Orangtua pasien hanya bersekolah hingga SD dan SD.
Penghasilan orangtua hanya cukup untuk memenuhi kebutuhan primer
keluarga.
Pelayanan kesehatan di sekitar rumah pasien cukup sulit dijangkau, hal
ini dikarenakan rumah berada di daerah pegunungan dan tidak dapat
dilewati oleh kendaraan bermotor. Jarak tempuh rumah pasien dengan
puskesmas sekitar 30 menit.
5. Aspek Skala Penilaian Fungsi Sosial
Pasien mempunyai aspek skala penilaian 2, pasien mengeluh demam dan
tidak bisa melalukan aktifitas seperti biasanya.
G. PENATALAKSANAAN
1. Personal
Terapi farmakologis :
1. Infus RL 250 cc selanjutnya RL D5 = 1:1
2. Kloramfenikol syrup 4 x C 1
3. Paracetmol 3 x 250
4. Anatsida 3 ½ tab
5. CTM 3 x ½ tab
6. Injeksi ranitidin 2 x ½ ampul IV
7. Injeksi dexametason 3 x ½ a,mpul IV pelan
Terapi non farmakologis :
1. Istirahat total
2. Konsumsi makanan rendah serat.
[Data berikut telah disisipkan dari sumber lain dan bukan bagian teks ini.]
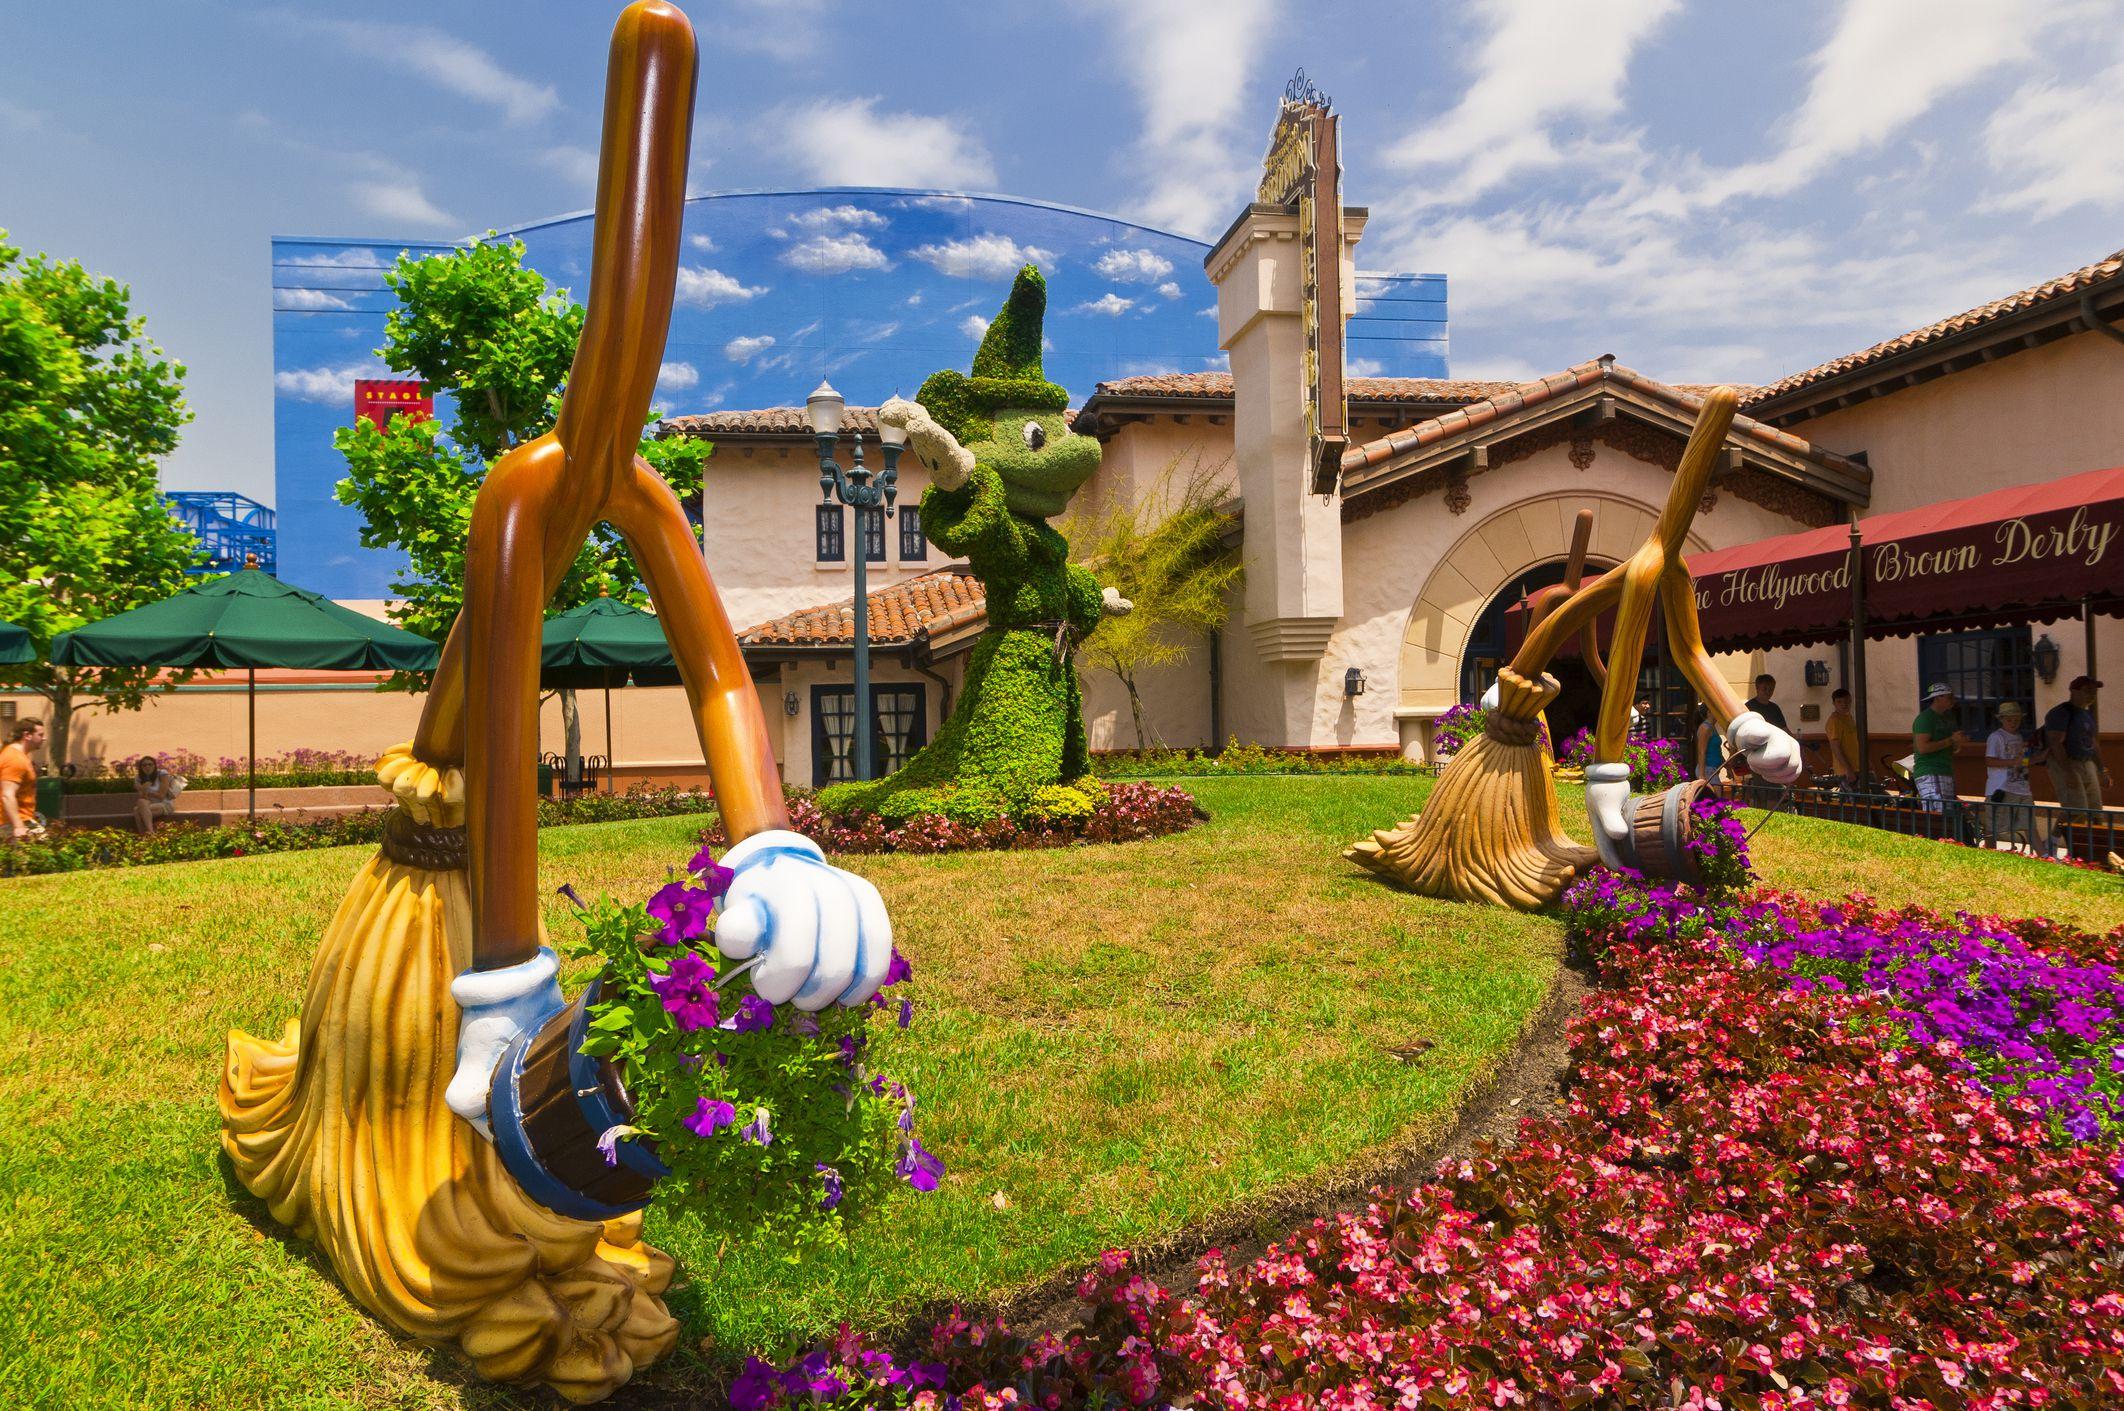 Sorcerer Mickey topiary, Disney's Hollywood Studios, Walt Disney World, Orlando, Florida USA

Kurangi aktifitas fisik yang berat.
3. Diet bubur halus
4. Jaga higeinitas
5. Jaga daya tahan tubuh.
Patient Centre Management
a. Dukungan Psikologis
Suport psikologis biasanya perlu diberikan oleh keluarga pasien.
Hal ini berkaitan dengan penyakit demam tifoid yang membutuhkan
waktu yang cukup lama agar dapat benar-benar sembuh. Pasien harus
dimotivasi agar mau beristirahat total minimal selama satu minggu.
Pasien juga diberikan pengertian mengenai faktor resiko apa saja yang
dapat menyebabkan penyakit demam tifoid.
b. Penentraman Hati
Menentramkan hati sangat diperlukan untuk mendukung
pengobatan pasien. Penyakit demam tifoid pada anak jarang
menimbulkan komplikasi pada anak. Akan tetapi dibutuhkan
kesabaran dari pasien untuk istirahat total dan tidak melakukan
aktifitas total minimal selama 1 minggu. Motivasi keluarga terhadap
pasien juga diperlukan agar pasien mau meminum obat secara teratur
agar pasien cepat sembuh. Keluarga harus mendukung dengan sepenuh
hati dalam pengobatan pasien.
c. Penjelasan mengenai penyakit demam tifoid
Keluarga harus dapat menjelaskan kepada pasien bahwa
pasien harus beristirahat secar total selama minimal satu minggu agar
kondisi pasien cepat membaik dan tidak terjadi komlikasi yang tidak
diinginkan. Pasien juga diberikan pengertian mengenai faktor resiko
yang dapat menyebabkan penyakit demam tipiod.
d. Pengobatan
Medika mentosa dan non medikamentosa seperti yang tertera
dalam penatalaksanaan.
e. Pencegahan dan Promosi Kesehatan
Hal yang tidak boleh terlupakan adalah pencegahan dan
promosi kesehatan berupa perubahan pola hidup sehat, makan makanan
yang bergizi, istirahat yang cukup.
2. Keluarga
Menjaga higienitas, dibiasakan untuk mencuci tangan sebelum makan,
memasak makanan dengan benar, dan tidak makan makanan disembarang
tempat yang tidak terjamin kebersihannya. Selain itu air harus dimasak sampai
mendidih.
3. Komunitas
Menjaga kebersihan lingkungan rumah, membuang sampah di tempat
pembuangan yang sudah disediakan dan buang air besar di WC umum.
H. FOLLOW-UP PASIEN
Tanggal 3 februari 2010
S : demam (-), nyeri perut menurun, batuk, lemas, perut kembung mual dan
mencret.(BAB 5 x sehari)
O : KU baik, compos mentis
Tanda vital
R : 20 x/menit
N : 100 x/menit
S : 36, 6 0C
Lidah kotor (+)
BB : 25 kg
TB : 120 cm
A : observasi febris suspect demam tifoid
P : Terapi medikamentosa berupa infus RL: D5 = 1:1, Kloramfenikol syrup
4 x 250, Paracetmol 3 x 250, Anatsida 3 ½ tab, CTM 3 x ½ tab, Injeksi
ranitidin 2 x ½ ampul IV, Injeksi dexametason 3 x ½ ampul IV pelan.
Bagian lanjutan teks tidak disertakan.